▶ [DATA PROVIDED]
###

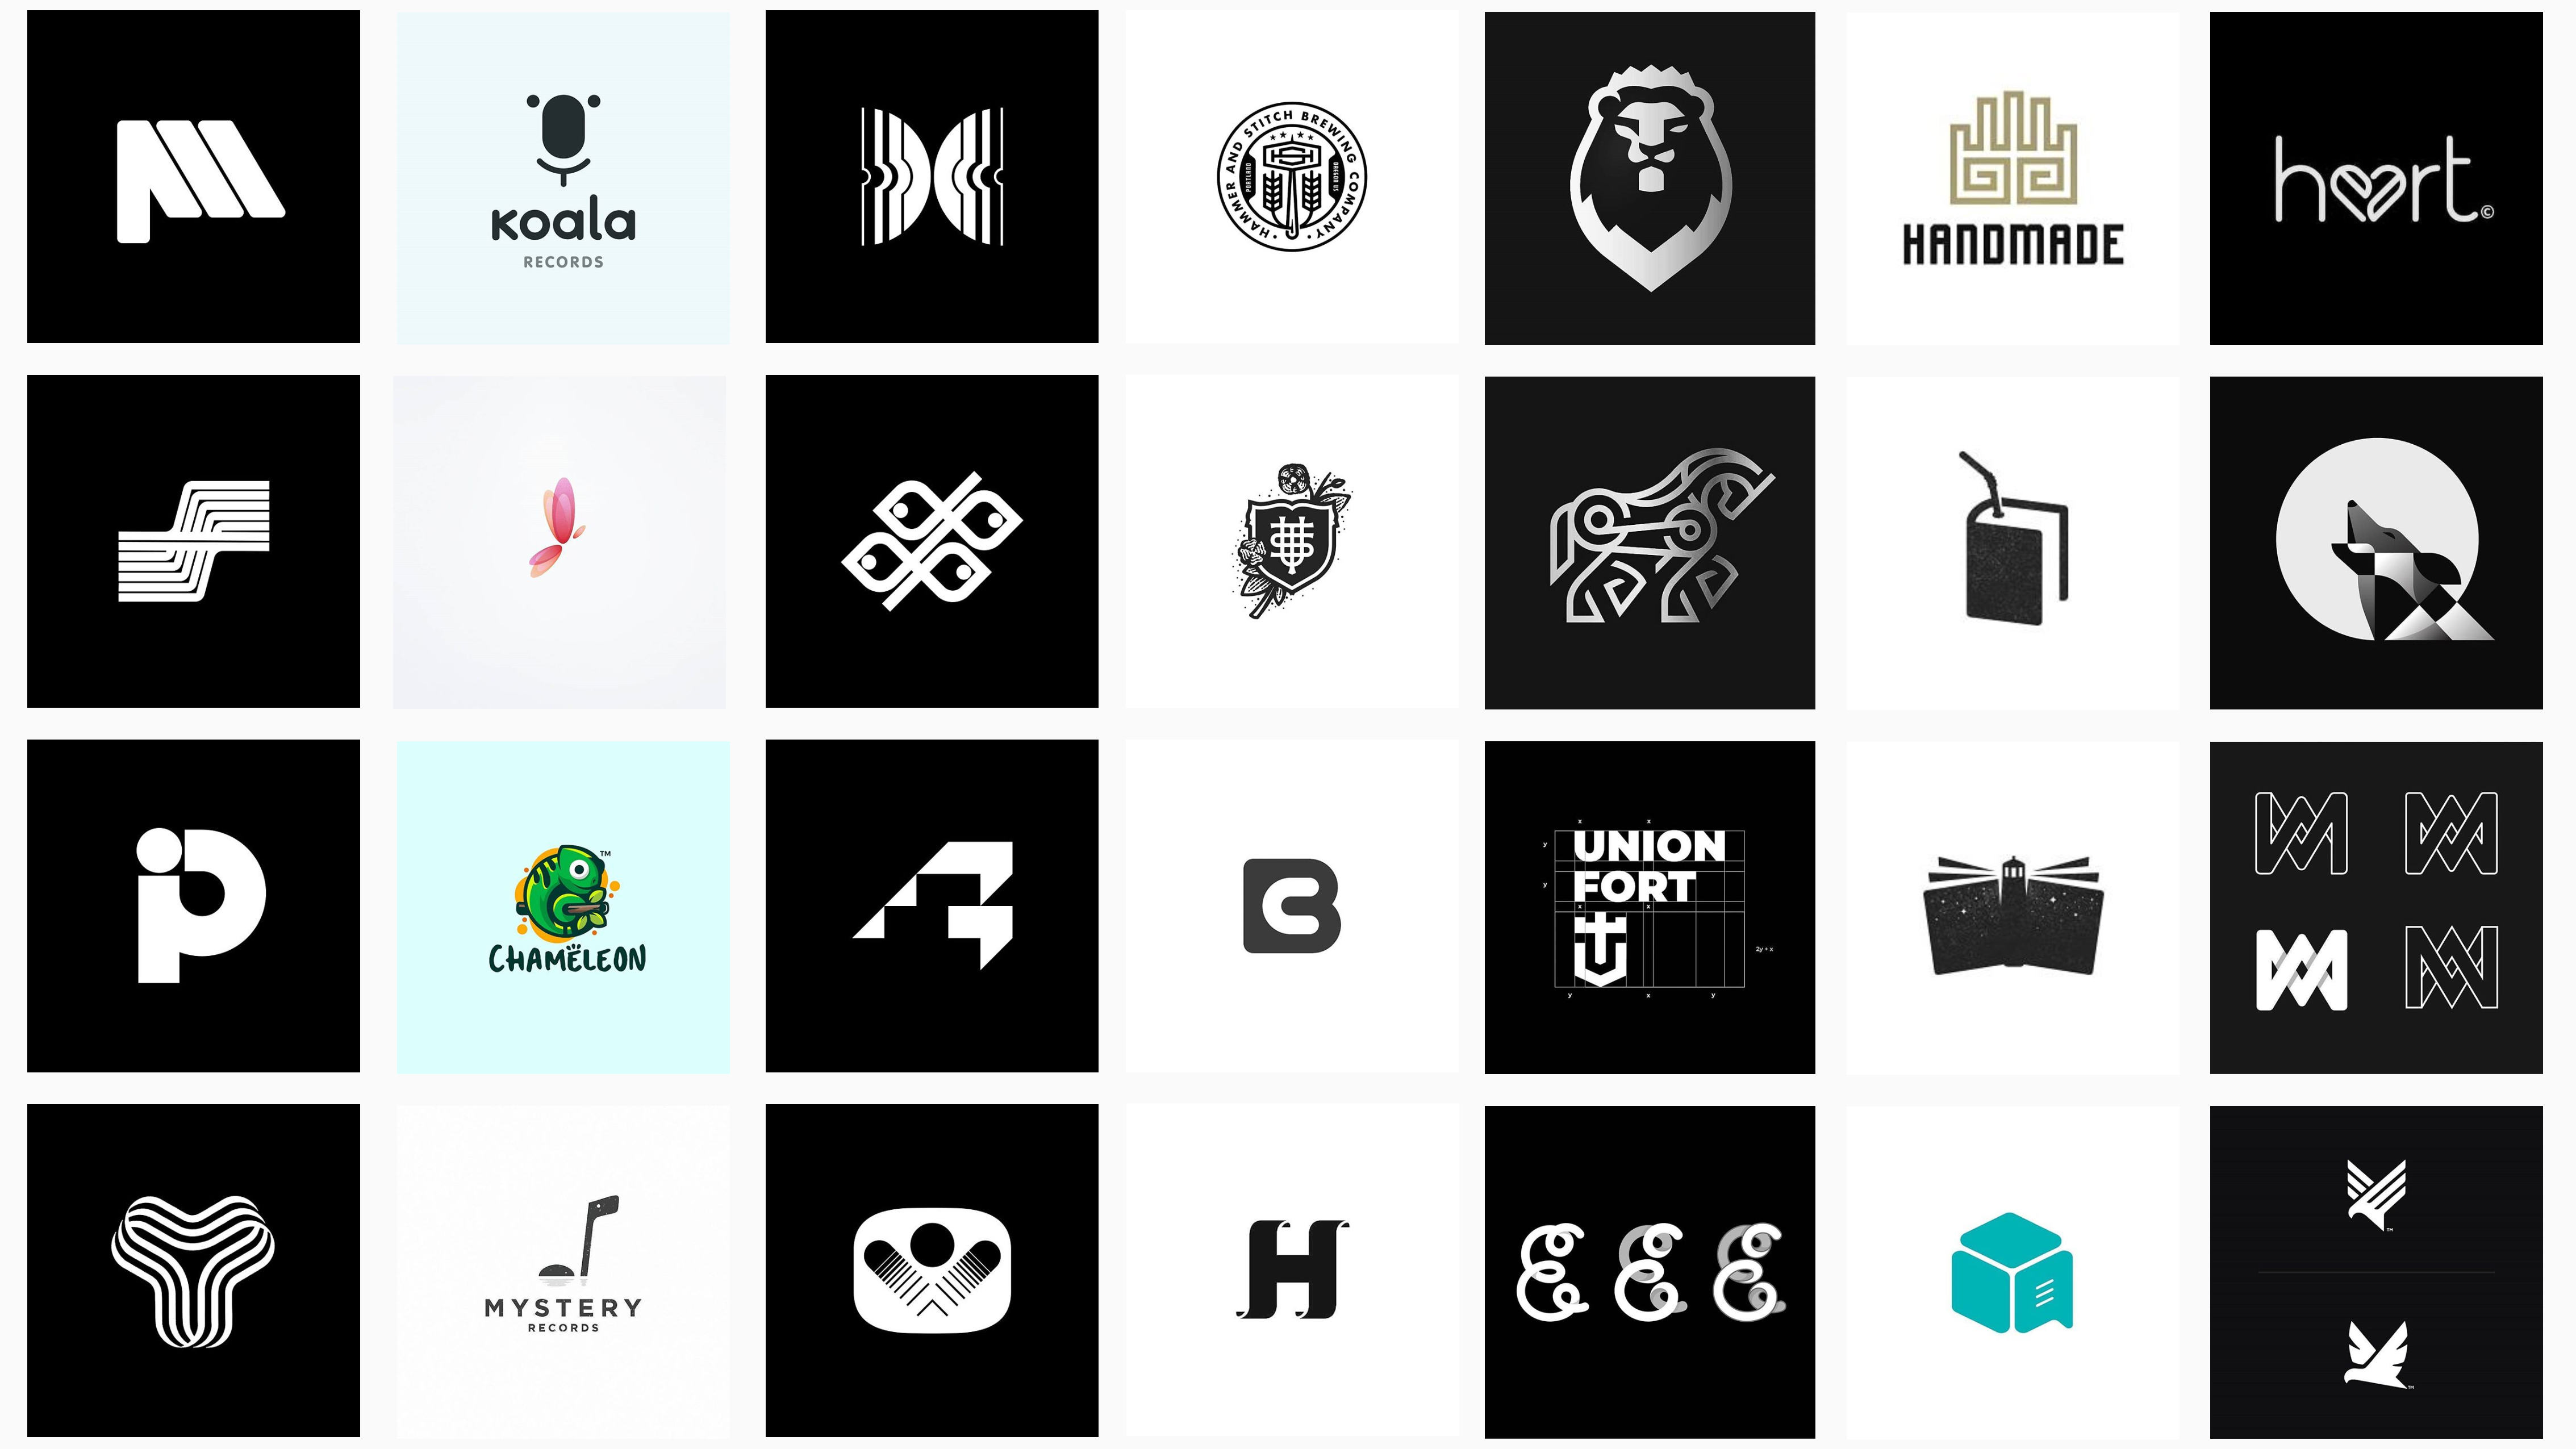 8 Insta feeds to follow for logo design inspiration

###

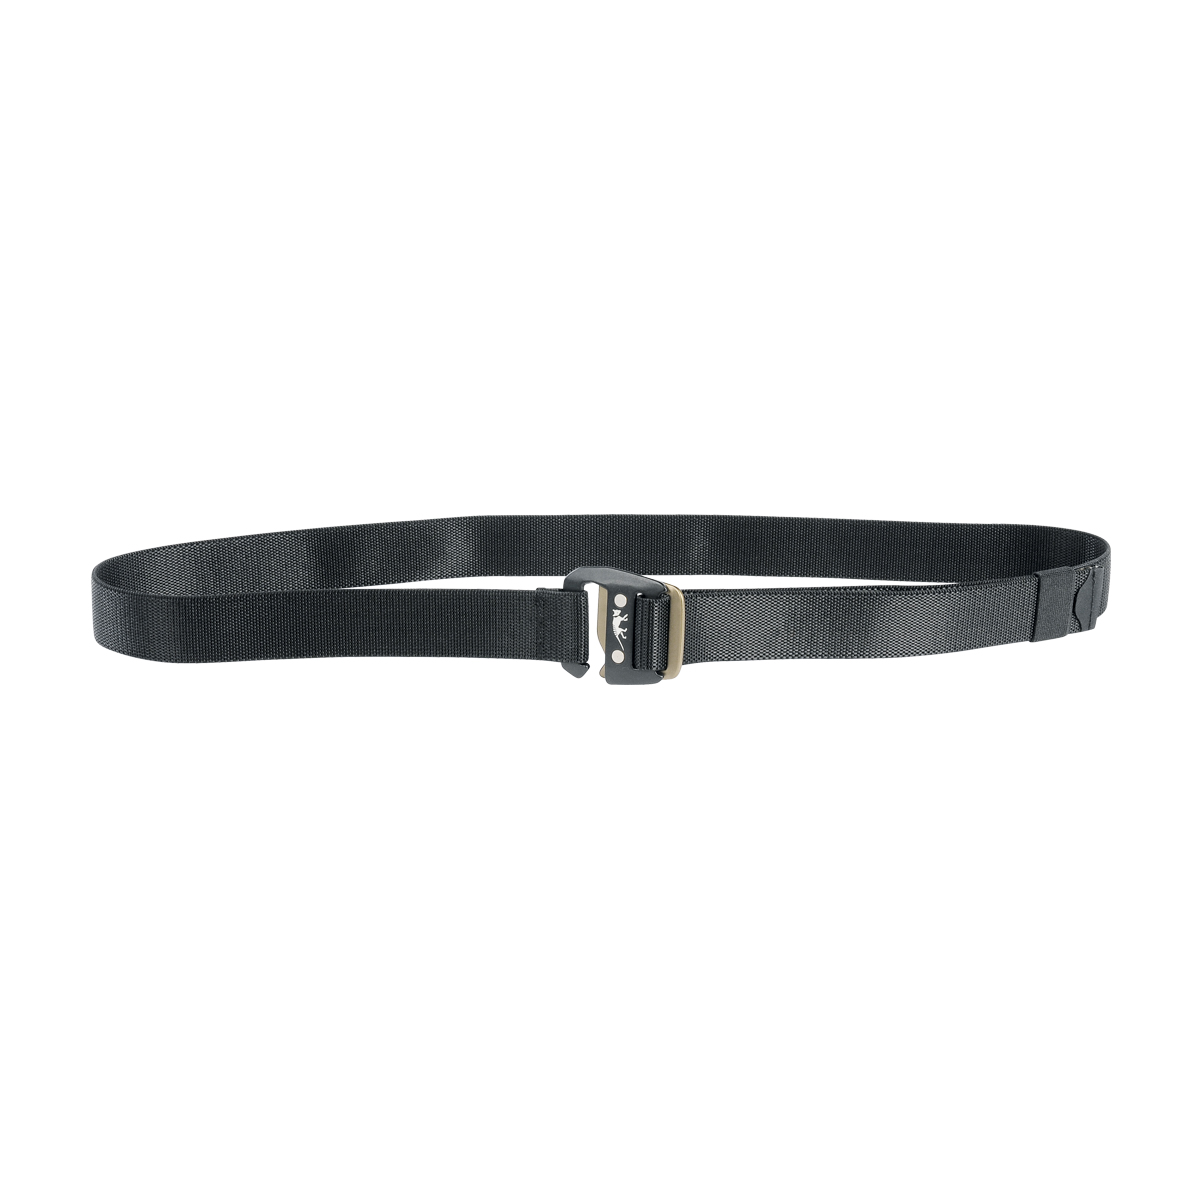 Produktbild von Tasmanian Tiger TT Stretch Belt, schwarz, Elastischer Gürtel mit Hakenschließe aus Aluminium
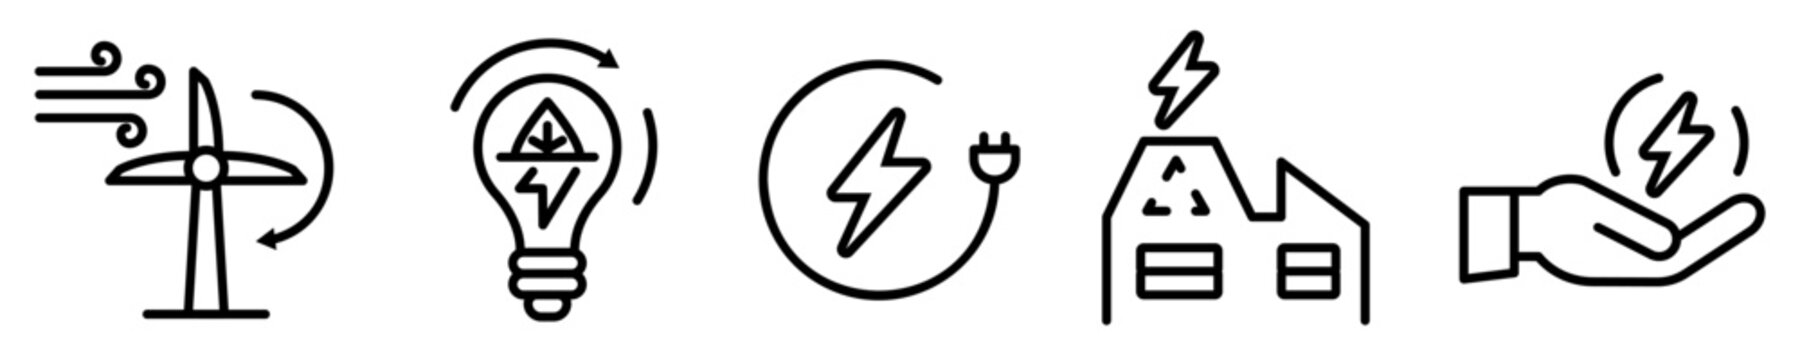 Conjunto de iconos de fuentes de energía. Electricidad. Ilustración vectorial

###

▶ [EXERCISE BRIEF]
Every line above in the stretch from the one with "Produktbild von Tasmanian" through the one with "Conjunto de iconos" is to be transcribed exactly, ends included. No picture is copied.

▶ [OUTPUT]
 Produktbild von Tasmanian Tiger TT Stretch Belt, schwarz, Elastischer Gürtel mit Hakenschließe aus Aluminium
 Conjunto de iconos de fuentes de energía. Electricidad. Ilustración vectorial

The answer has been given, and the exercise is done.